After Kubernetes restarts the Pod, the Pod clones the database in 1-2 minutes and restores the quorum.
StackLight¶
[43474] Custom Grafana dashboards are corrupted¶
Custom Grafana panels and dashboards may be corrupted after automatic migration of deprecated Angular-based plugins to the React-based ones. For details, see MOSK Deprecation Notes: Angular plugins in Grafana dashboards and the post-update step Back up custom Grafana dashboards in Container Cloud 2.28.4 update notes.
To work around the issue, manually adjust the affected dashboards to restore their custom appearance.
Container Cloud web UI¶
[50181] Failure to deploy a compact cluster¶
A compact MOSK cluster fails to be deployed through the Container Cloud web UI
due to inability to add any label to the control plane machines along with
inability to change dedicatedControlPlane: false
using the web UI.
To work around the issue, manually add the required labels using CLI. Once done, the cluster deployment resumes.
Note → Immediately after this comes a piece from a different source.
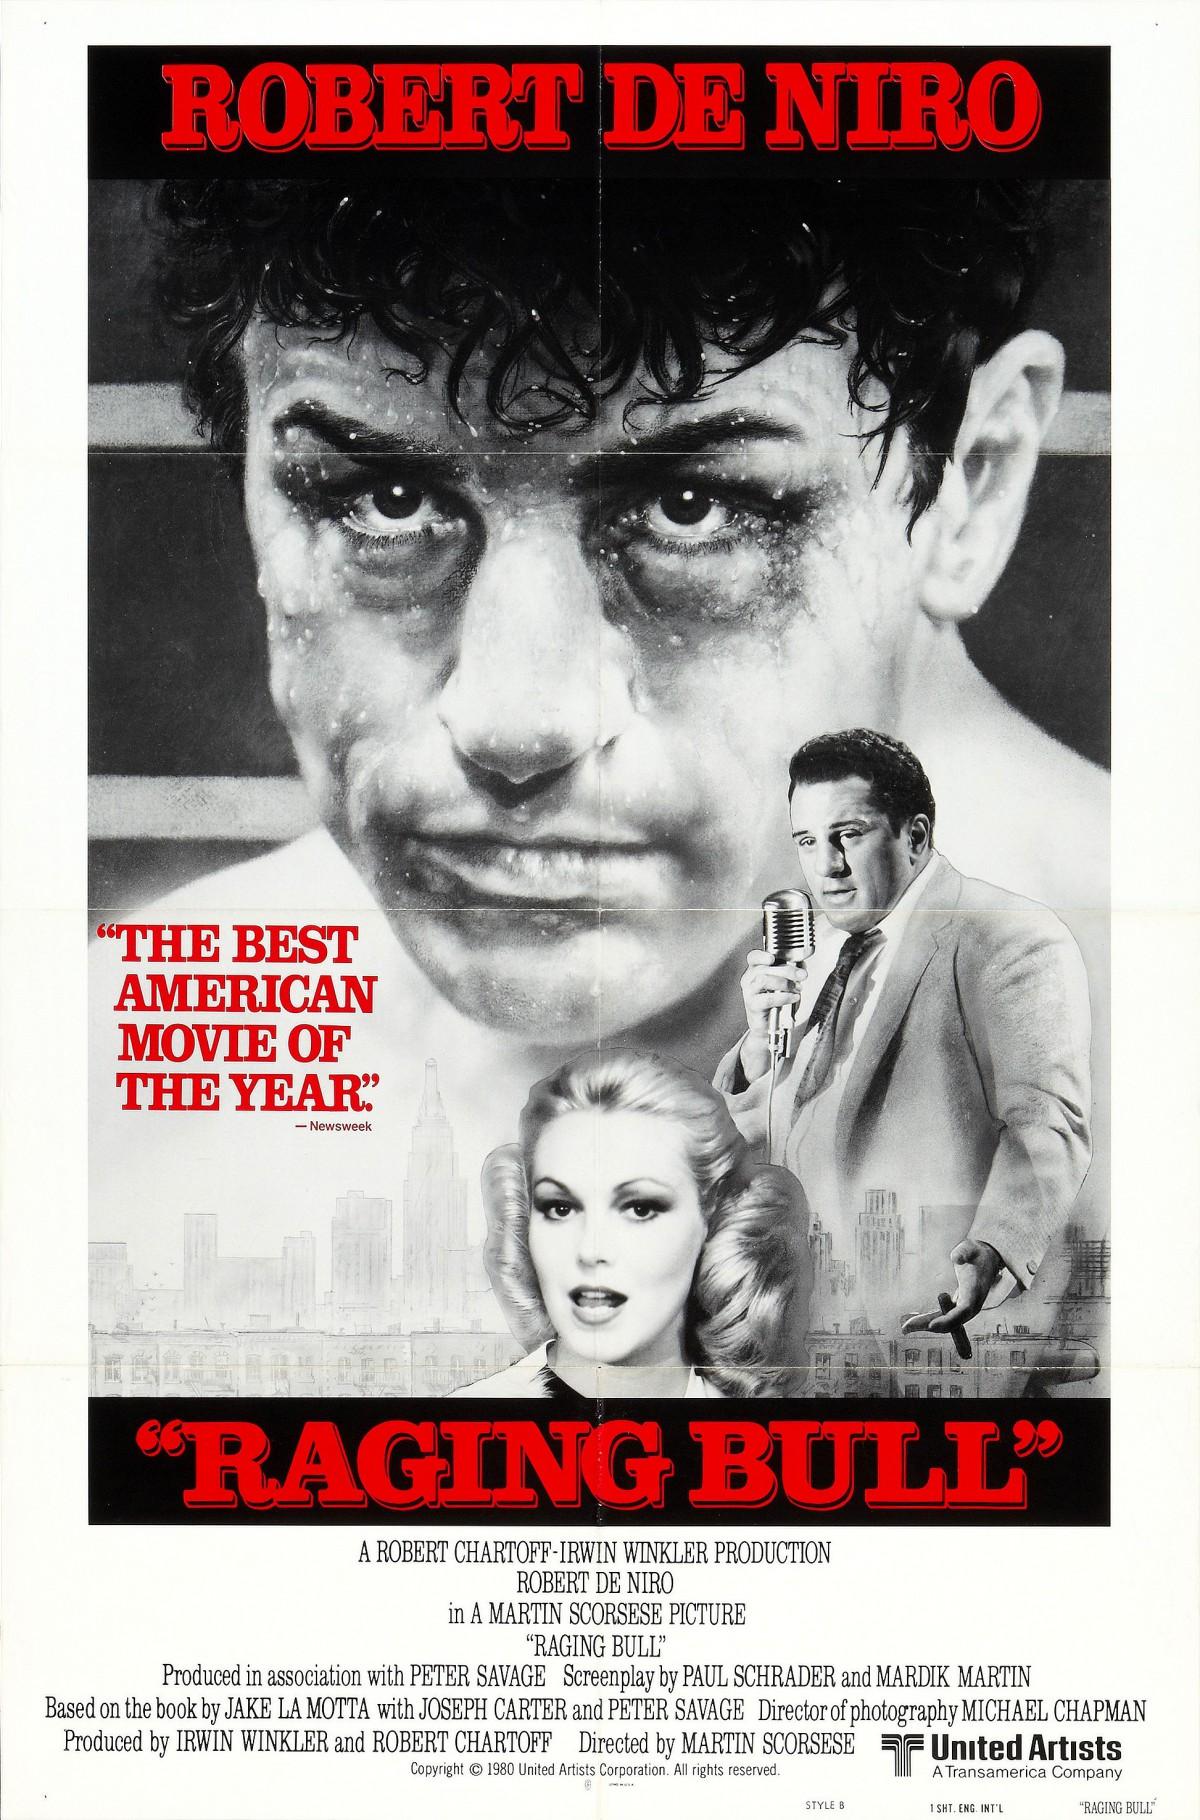 27. Raging Bull (1980)
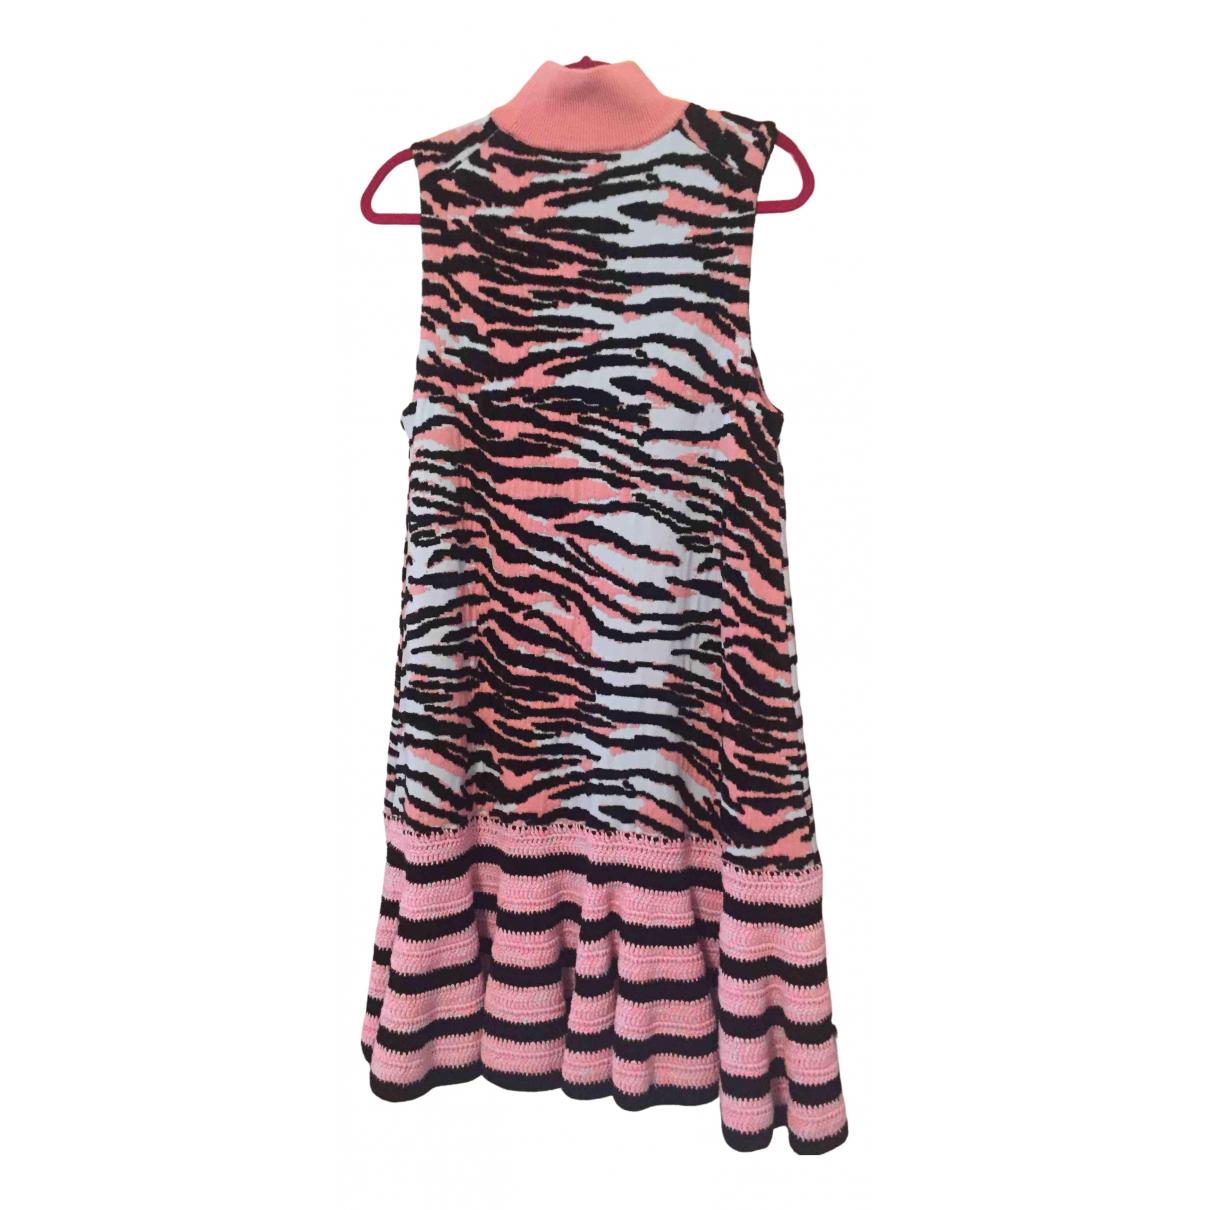 Kenzo X H&m \N Kleid in  Rosa Wolle

[50168] Inability to use a new project right after creation¶
A newly created project does not display all available tabs in the Container
Cloud web UI and contains different access denied
errors during first five
minutes after creation.
To work around the issue, refresh the browser in five minutes after the project creation.
[50140] The Ceph Clusters tab does not display Ceph cluster details¶
The Clusters page for the bare metal provider does not display
information about the Ceph cluster in the Ceph Clusters tab and
contains access denied
errors.
To work around the issue, verify the Ceph cluster state through CLI. For details, see MOSK documentation: Ceph operations - Verify Ceph.